Thu Apr 03, 2014 4:24 pm by mleipold
Hi Rob,
We generally haven't had an issue with cells lysing over a couple hours in water, if they were properly/completely fixed to begin with (2% PFA/PBS, made fresh from a 16% methanol-free stock ampule that has been open less than one month; typically 4C overnight is how we fix for our workflow, but 15-20min at room temp also seems to work ok in most cases like phospho).
We didn't have any noticeable difference between round vs V-bottom. Since V-bottoms are often square wells (at least for deep-well plates), the X/Y alignment can be more forgiving.
The issue we *have* had is increased background, primarily in the Ir channels. Since the intercalation is non-covalent, the intercalator *will* diffuse back out, slowly. Because of the levels used during staining, you typically won't see much of a decrease in your Ir signal intensity, but the channels will have increased streakiness. This is also an issue for some antibodies like CD45/CD45RA and even some CD8 clones, which just seem to have a higher background streakiness even after careful titering.

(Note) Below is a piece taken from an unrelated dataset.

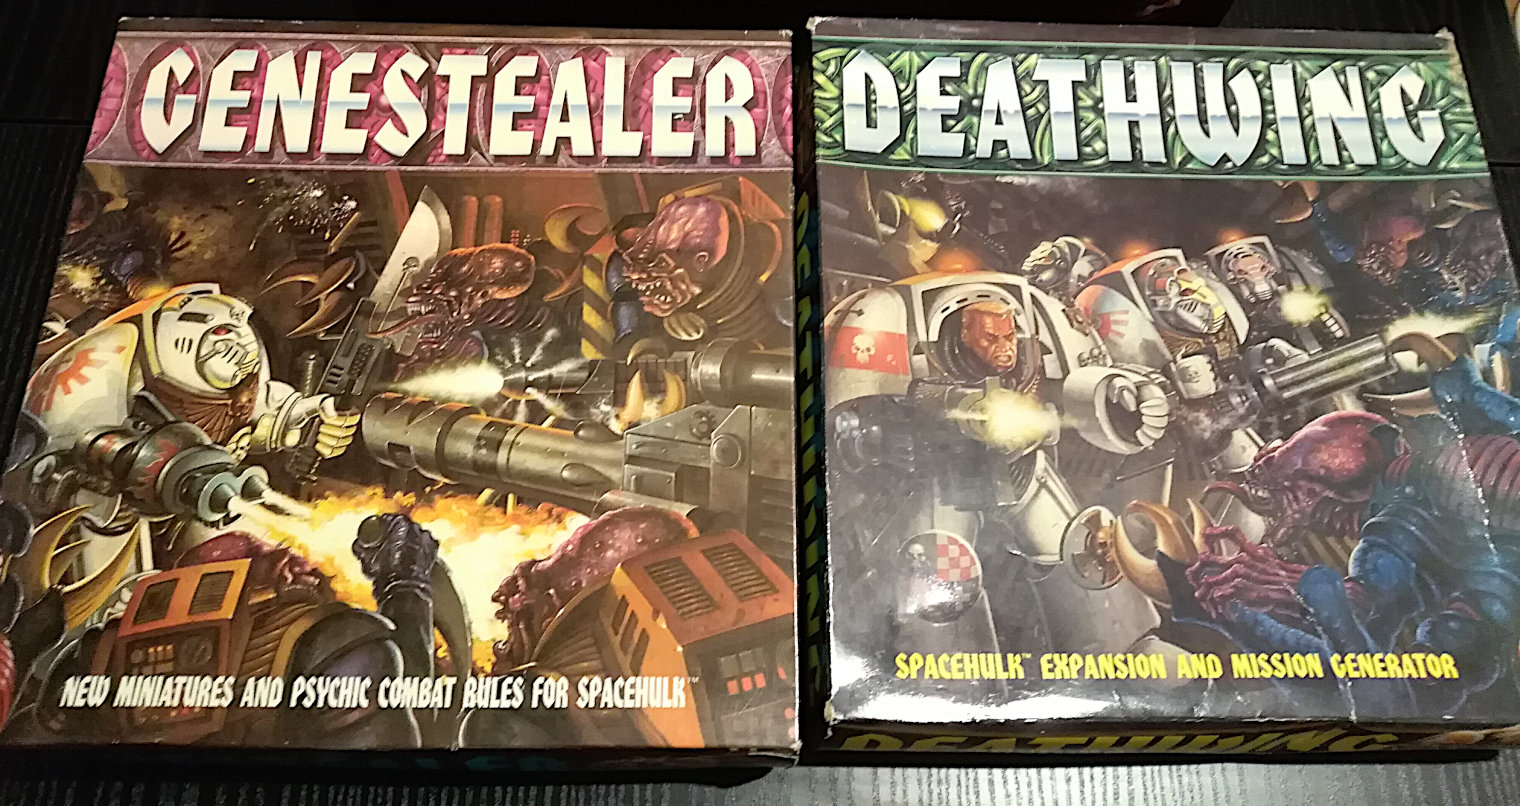 The expansions for Space Hulk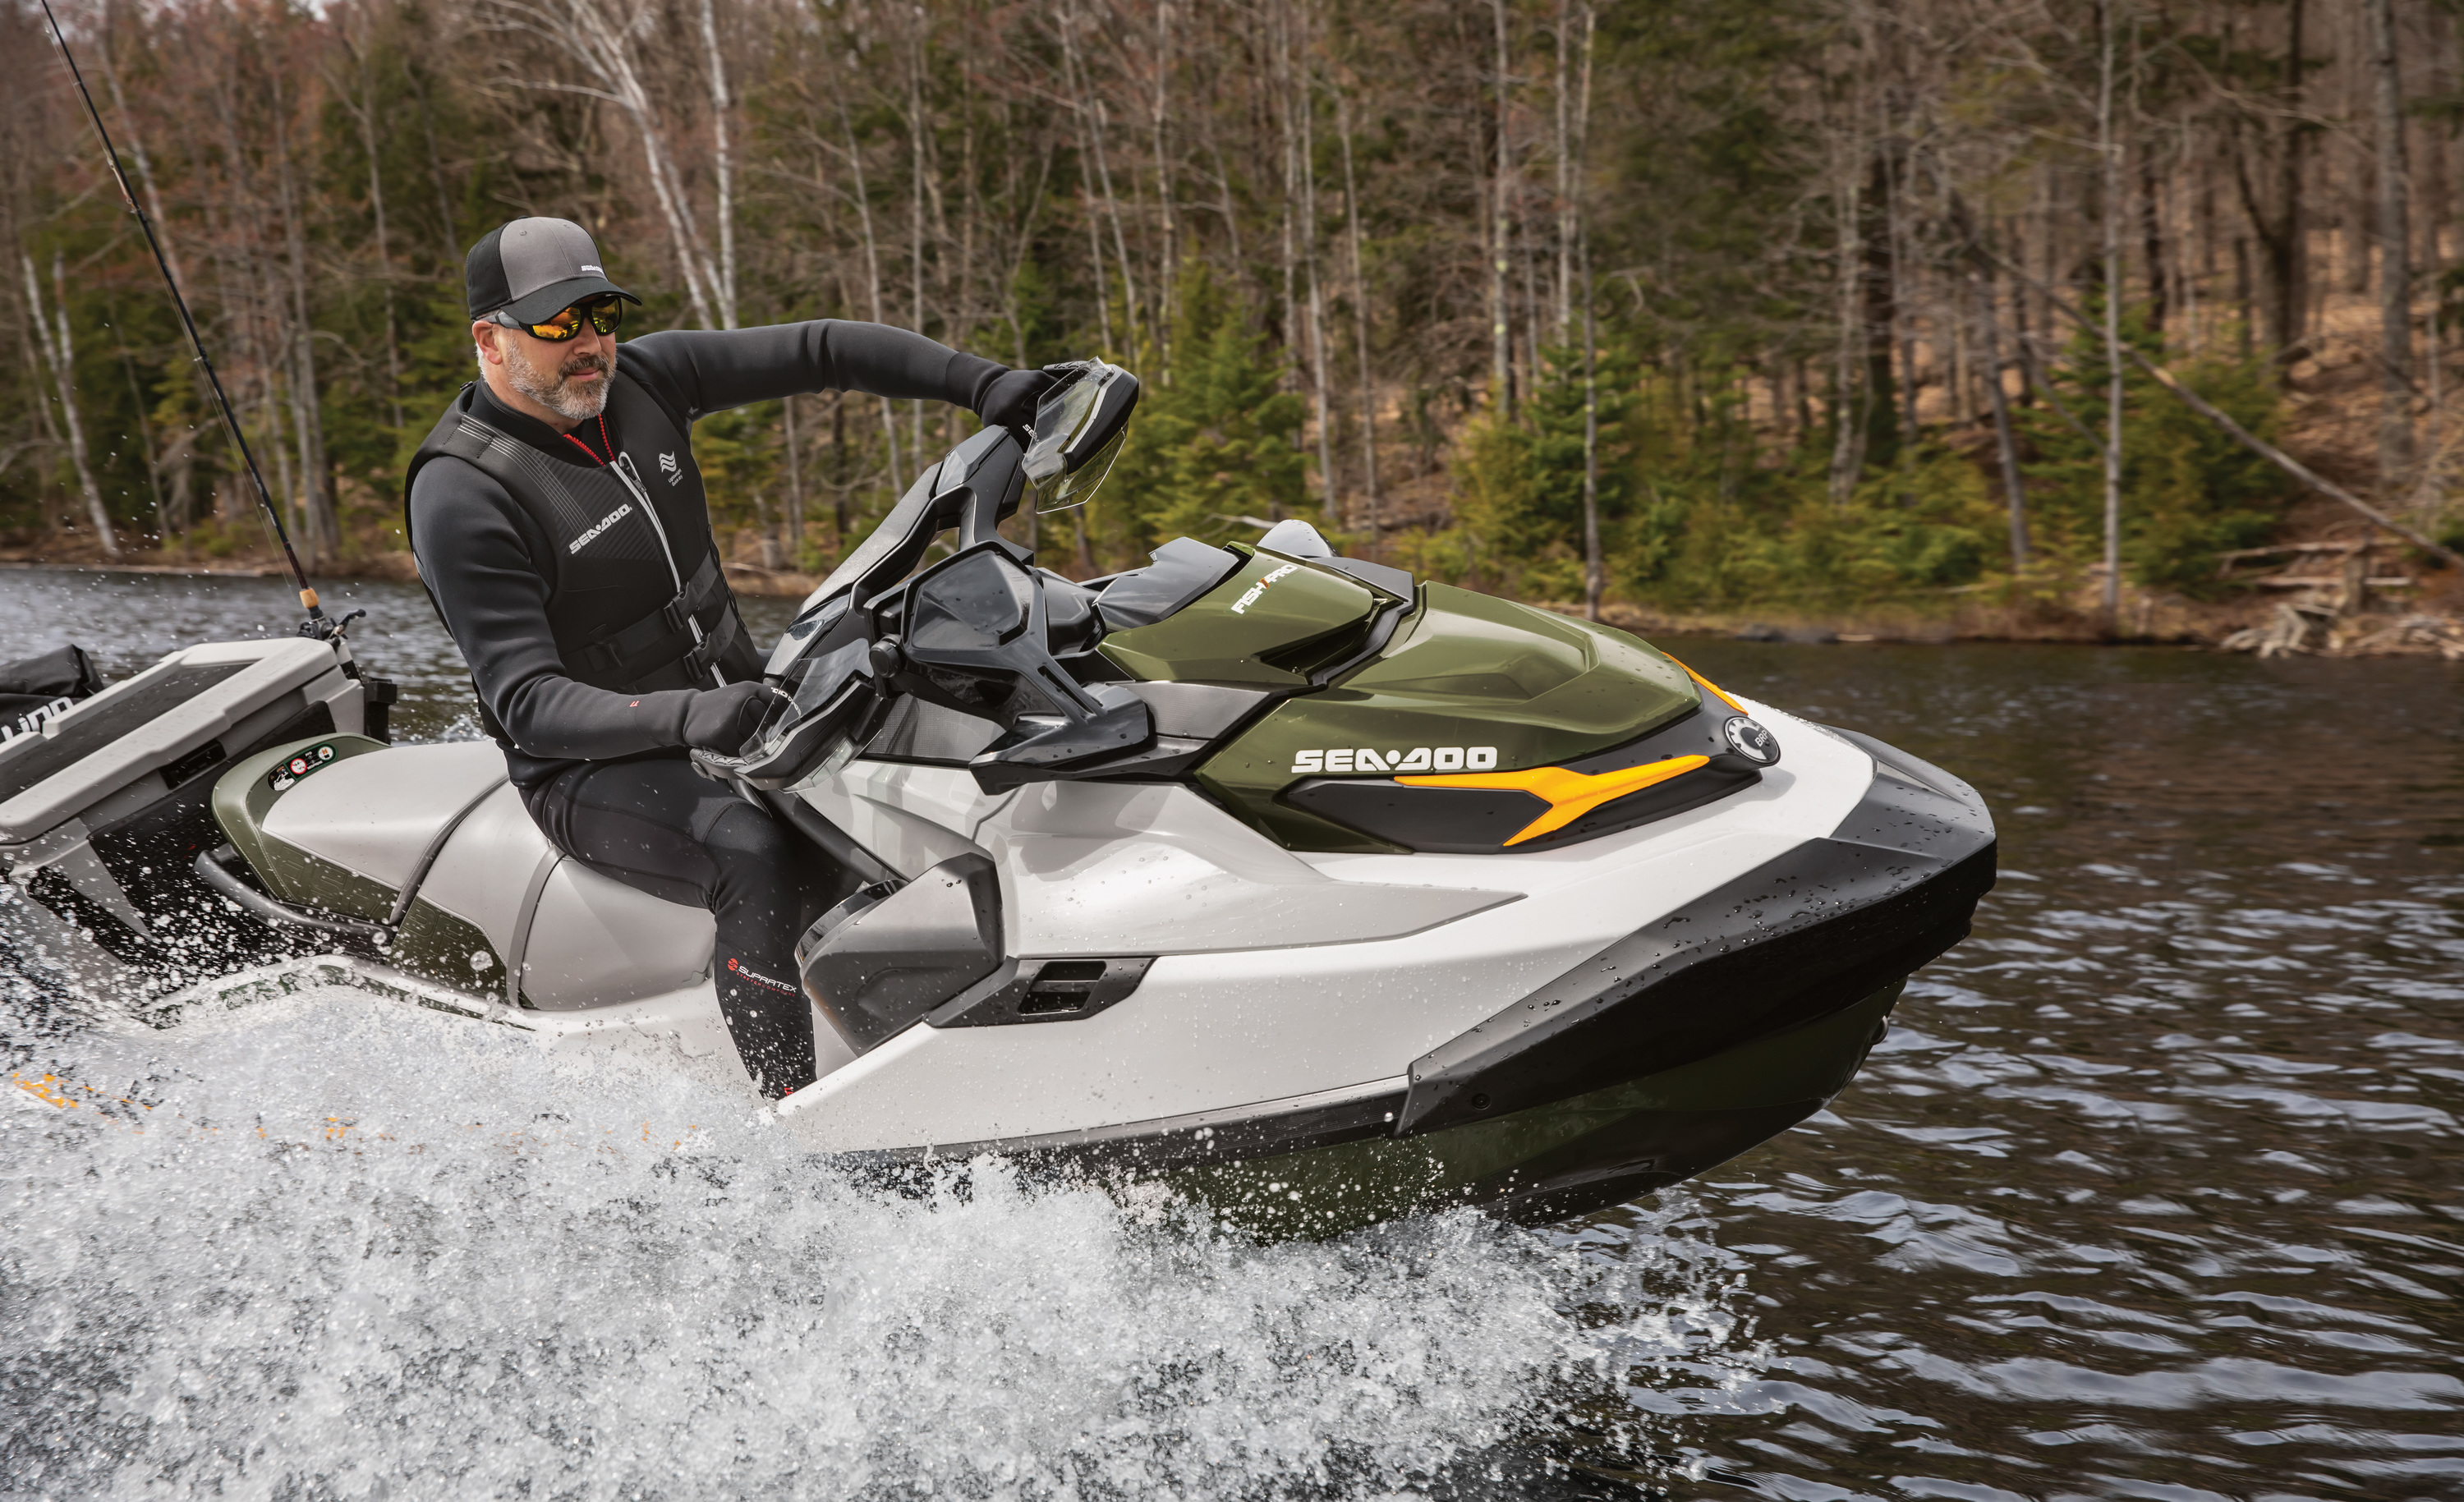 Sea Doo Fish Pro 170 with Garmin GPS and cooler in green and white

We also have had some issues with overall cell recovery from autosampler samples. In a head-to-head where the same sample series was run manually and then with the autosampler, the autosampler consistently gave worse recovery. (In this test, increasing cell numbers were plated; I think we varied 200K through 1.5mil).
We *think* this was due to sample settling over time. Talking with DVS, they reprogrammed our machine to do a larger mixing volume (pipetting up and down before injecting), and readjusted the z-axis alignment so it is drawing from closer to the bottom of the well. We just haven't yet gone back and re-run the experiment to see whether this has fixed our problem.
I would suggest that you test that out as well; the cells *will* settle more the longer they're in the wells.
Also, be aware that the calibration beads will increasingly stick to the cells the longer they're co-incubated. The HIMC hasn't rigorously tested this, but the Nolan lab has some info on it. I don't think it's a huge problem (ie, you won't wind up throwing out 50+% of your cells as bead-cell doublets), but it's still something to be aware of.